University lecturer reflects on Antarctica adventures
Dr Jeff Evans was part of special research expedition
AN ACADEMIC from Loughborough University has shared his experiences of life in Antarctica aboard a research vessel.
At the start of January, Dr Jeff Evans, a senior lecturer in physical geography in the School of Social Sciences, boarded the 134m-long S. A. Agulhas II – one of the largest and most modern research ships anywhere in the world.
He joined more than 30 international scientists from different scientific fields and renowned organisations on the Weddell Sea Expedition, which is to attempt to locate and survey Sir Ernest Shackleton’s lost ship Endurance, and increase understanding of Larsen-C, one of the largest ice shelves in Antarctica.
The expedition’s science programme has been completed and many of the scientists – including Dr Evans – have now bid a fond farewell to the S.A. Agul has II as it heads to the Endurance wreck site.
Dr Evans carried out extensive research into ice-mass and environmental change in the Arctic and Antarctic and participated and co-led the coring work on Larsen-C.
He said: “Much of our time has been spent along the edge of the Larsen-C Ice Shelf where science operations involved repeated oceanographic measurements of the water column adjacent to the ice shelf to determine the volume and rate of fresh, cold ice-shelf water formation due to the melting of the ice shelf base and the intrusion of relatively warmer water masses from the Weddell Sea under the ice shelf.
“We also continued to core sea-floor sediments along the front of the Larsen-C Ice Shelf.
“Coring of sediments in the region has proved a challenge with many coring attempts failing.”

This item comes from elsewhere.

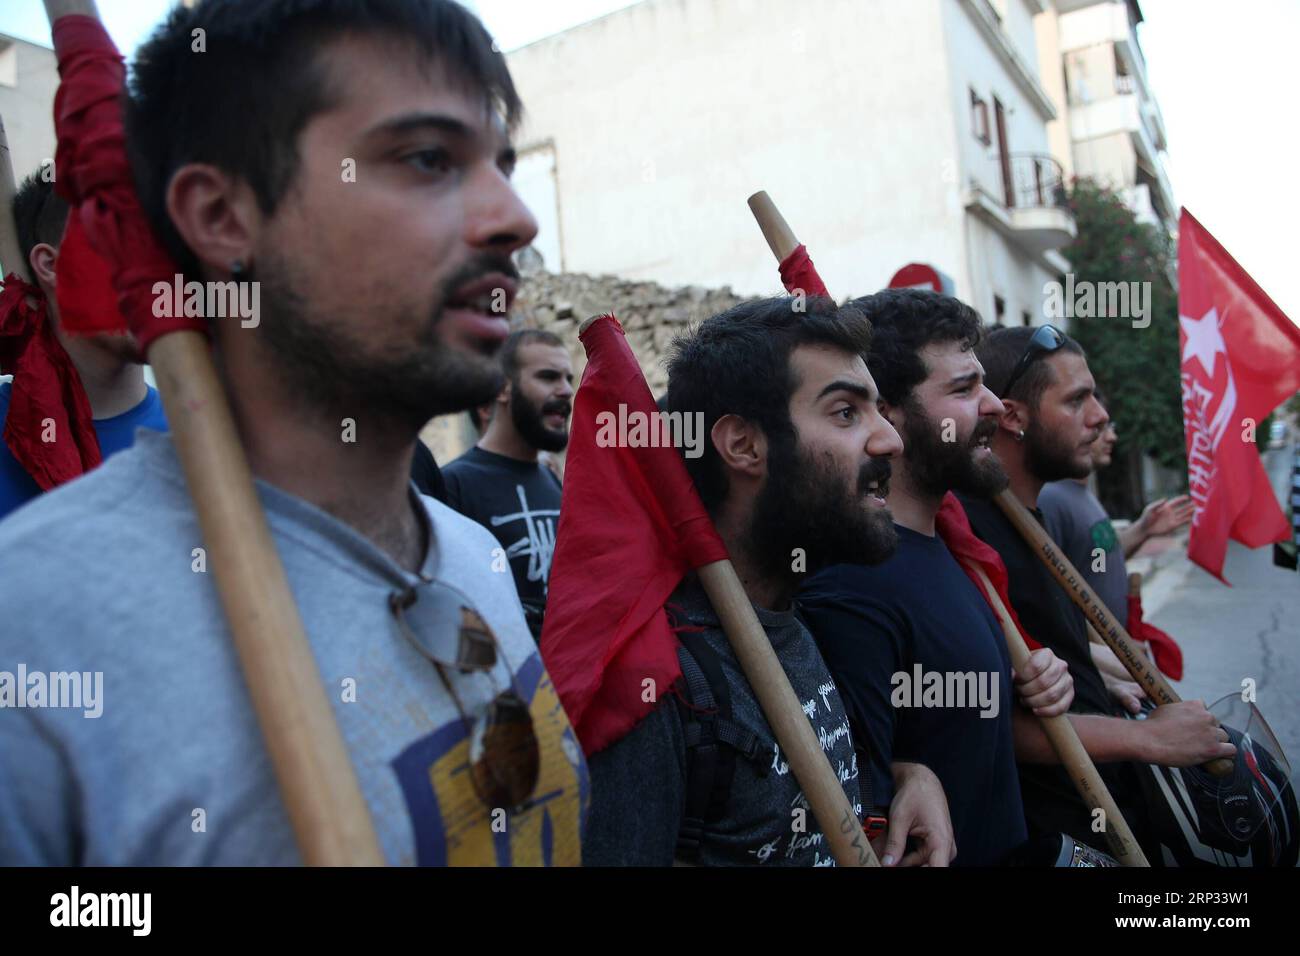 (180919) -- LE PIRÉE, 19 septembre 2018 -- des gens participent à une marche marquant le 5e anniversaire du meurtre de Pavlos Fyssas au Pirée, en Grèce, le 18 septembre 2018. Des groupes antifascistes ont organisé une série d'événements à Athènes et dans d'autres villes de Grèce mardi, cinq ans après l'assassinat du musicien Pavlos Fyssas, 34 ans, par un partisan du parti d'extrême droite. (hy) GRÈCE-PIRÉE-ANNIVERSAIRE-ANTIFASCISTE MUSICIEN-MEURTRE MariosxLolos PUBLICATIONxNOTxINxCHN Banque D'Images

During his trip they used two autonomous underwater vehicles (AUV) and their downward and upward looking swath systems to image the underside of sea-ice floes and sea-floor areas inaccessible to the ship.
AUV surveys of the underside of a range of ice-floes were undertaken in order to measure the roughness or irregularity and depth of the sea ice base.
AUV surveys of the underside of seaice floes are not without their challenges.
He said: “It was during the survey of a multi-year sea-ice floe (ice thickness of 20–30m) that the AUV terminated its mission due to an error and it surfaced under the ice floe and became trapped in an ice cavity rather than surfacing in open water.
“This meant that the ship had to carefully and incrementally break the ice floe in order to get closer to the trapped AUV.”
Dr Evans said the favourable sea-ice conditions next to the Larsen-C Ice Shelf changed towards the end of the planned science time.
He said: “Prolonged easterly to southeasterly winds caused the dense pack ice to spill around the northern end of A68 and to start filling the open water between the iceberg and the ice shelf edge.
“Therefore, the science programme at the Larsen-C Ice Shelf was curtailed a day earlier than originally planned, and instead, our science efforts were switched to the more partially sea-ice covered waters of the Larsen-B and Larsen-A areas to the north.”
The ship is currently headed to the Endurance wreck site where technicians from Ocean Infinity, Deep Ocean Search and Eclipse will undertake the search.
The search for the wreck is expected to be extremely challenging in terms of negotiating the ice and deploying and recovering the AUV.
The sea-floor in the Endurance wreck search area is mainly flat, so any ship wreck or associated debris should stand out, and the cold oxygen-poor waters will prevent decay or rotting of the ship’s wooden hull.